Where is D is this arena. It is either C++ or C++ in the high performance graphics arena. If there are no AAA titles written in D why does this email list have anyone on it?

Clearly I think your response is just trolling, I will stop feeding the troll.

-- 
Russel. ============================================================================= Dr Russel Winder      t: +44 20 7585 2200   voip: sip:russel.winder@ekiga.net 41 Buckmaster Road    m: +44 7770 465 077   xmpp: russel@winder.org.uk London SW11 1EN, UK   w: www.russel.org.uk  skype: russel_winder


March 02, 2013
On 3/2/2013 8:12 AM, Jacob Carlborg wrote:
> If you need to write a custom splitter to get acceptable performance then it
> sounds to me that D or Phobos have failed.


In D, you can write custom versions of algorithms to exploit unique characteristics of particular data structures. I don't regard that as a failure.

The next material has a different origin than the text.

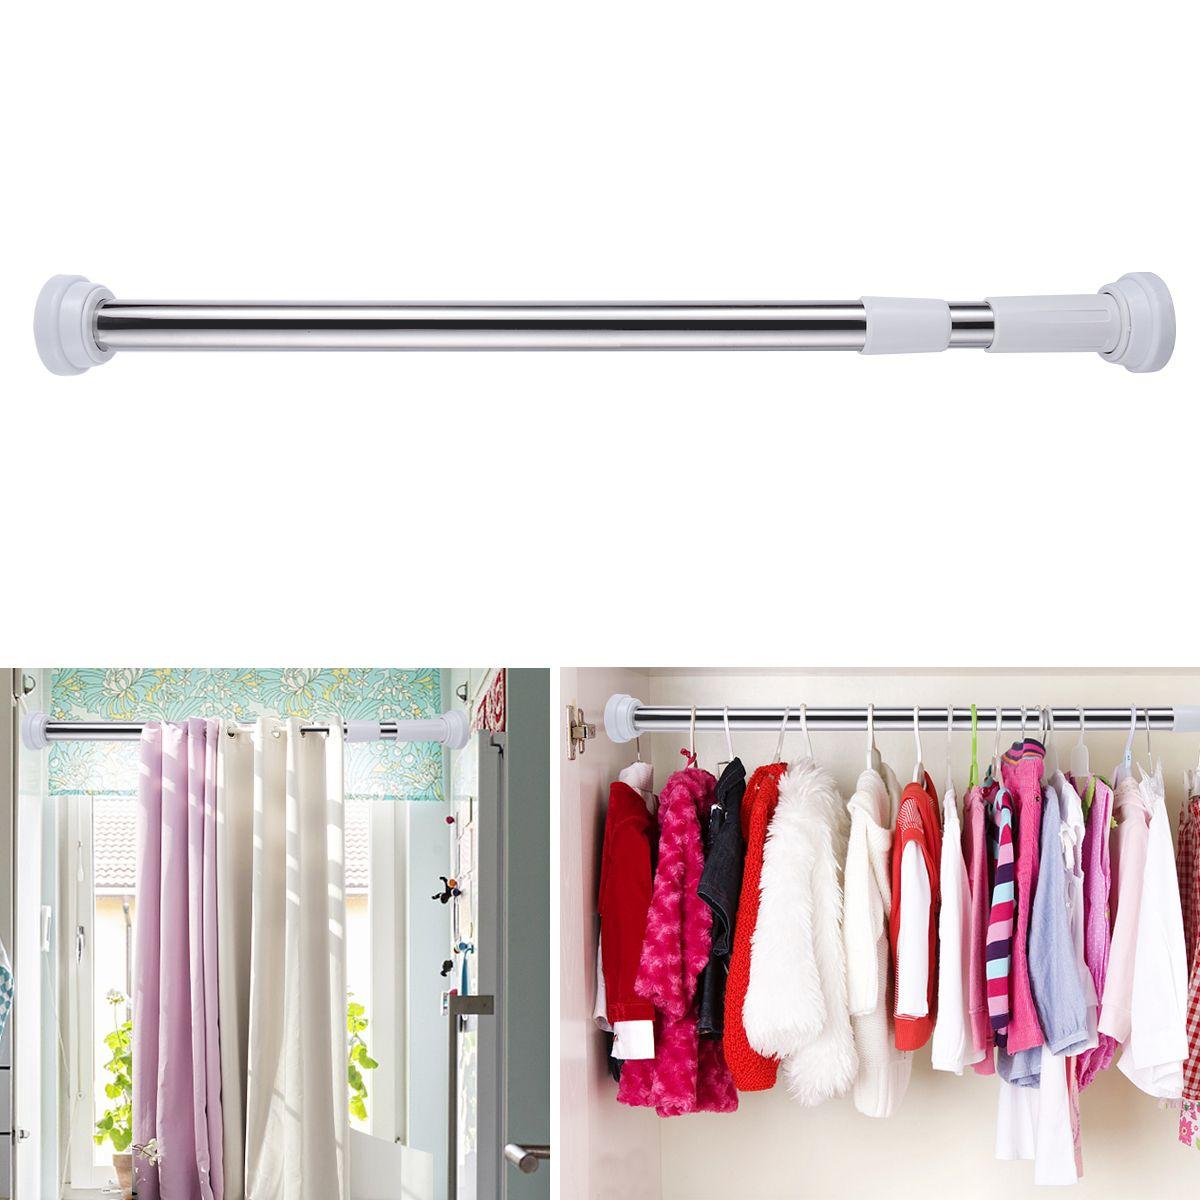 Discount Stainless Steel Bathroom Shower Curtain Rod Adjustable ...

But if, to write a custom version, you had to switch to another language, then I would agree that is a failure of a "systems" programming language.
March 02, 2013
On 3/2/2013 7:43 AM, Russel Winder wrote:
> For writing interpreters, RPython spanks C.

What's RPython doing that makes it faster?
March 02, 2013
On Sat, 02 Mar 2013 12:17:54 -0500, Andrei Alexandrescu <SeeWebsiteForEmail@erdani.org> wrote:

> On 3/1/13 8:29 PM, Steven Schveighoffer wrote:
>> On Fri, 01 Mar 2013 20:05:34 -0500, cvk012c
>> <cvk012c@motorolasolutions.com> wrote:
>>
>>> In my latest version of D script I didn't use splitter at all. I used
>>> string specific indexOf function. Still result is very bad. For text
>>> based protocols, such as SIP, performance of string manipulating
>>> functions is very important. Unfortunately, looks like it is not D
>>> strongest point at this time.
>>
>> indexOf uses the same mechanism as splitter to find the separators. If
>> it doesn't improve anything, I'd say that is where the problem lies
>> (std.algorithm.find).
>
> find and indexOf on arrays are on par with handwritten loops.

This is not a personal attack, please don't take it that way.  My anecdotal tests with hand writing a custom splitter range to handle the OP's program gave me a 40% savings.  Whether it's find or not, I'm not sure, but there definitely is room for improvement.  Using indexOf instead of splitter seems to result in the same time usage, so something that is common between the two would be a logical choice to target.

It would be interesting to examine the assembly differences, but I haven't got the time right now.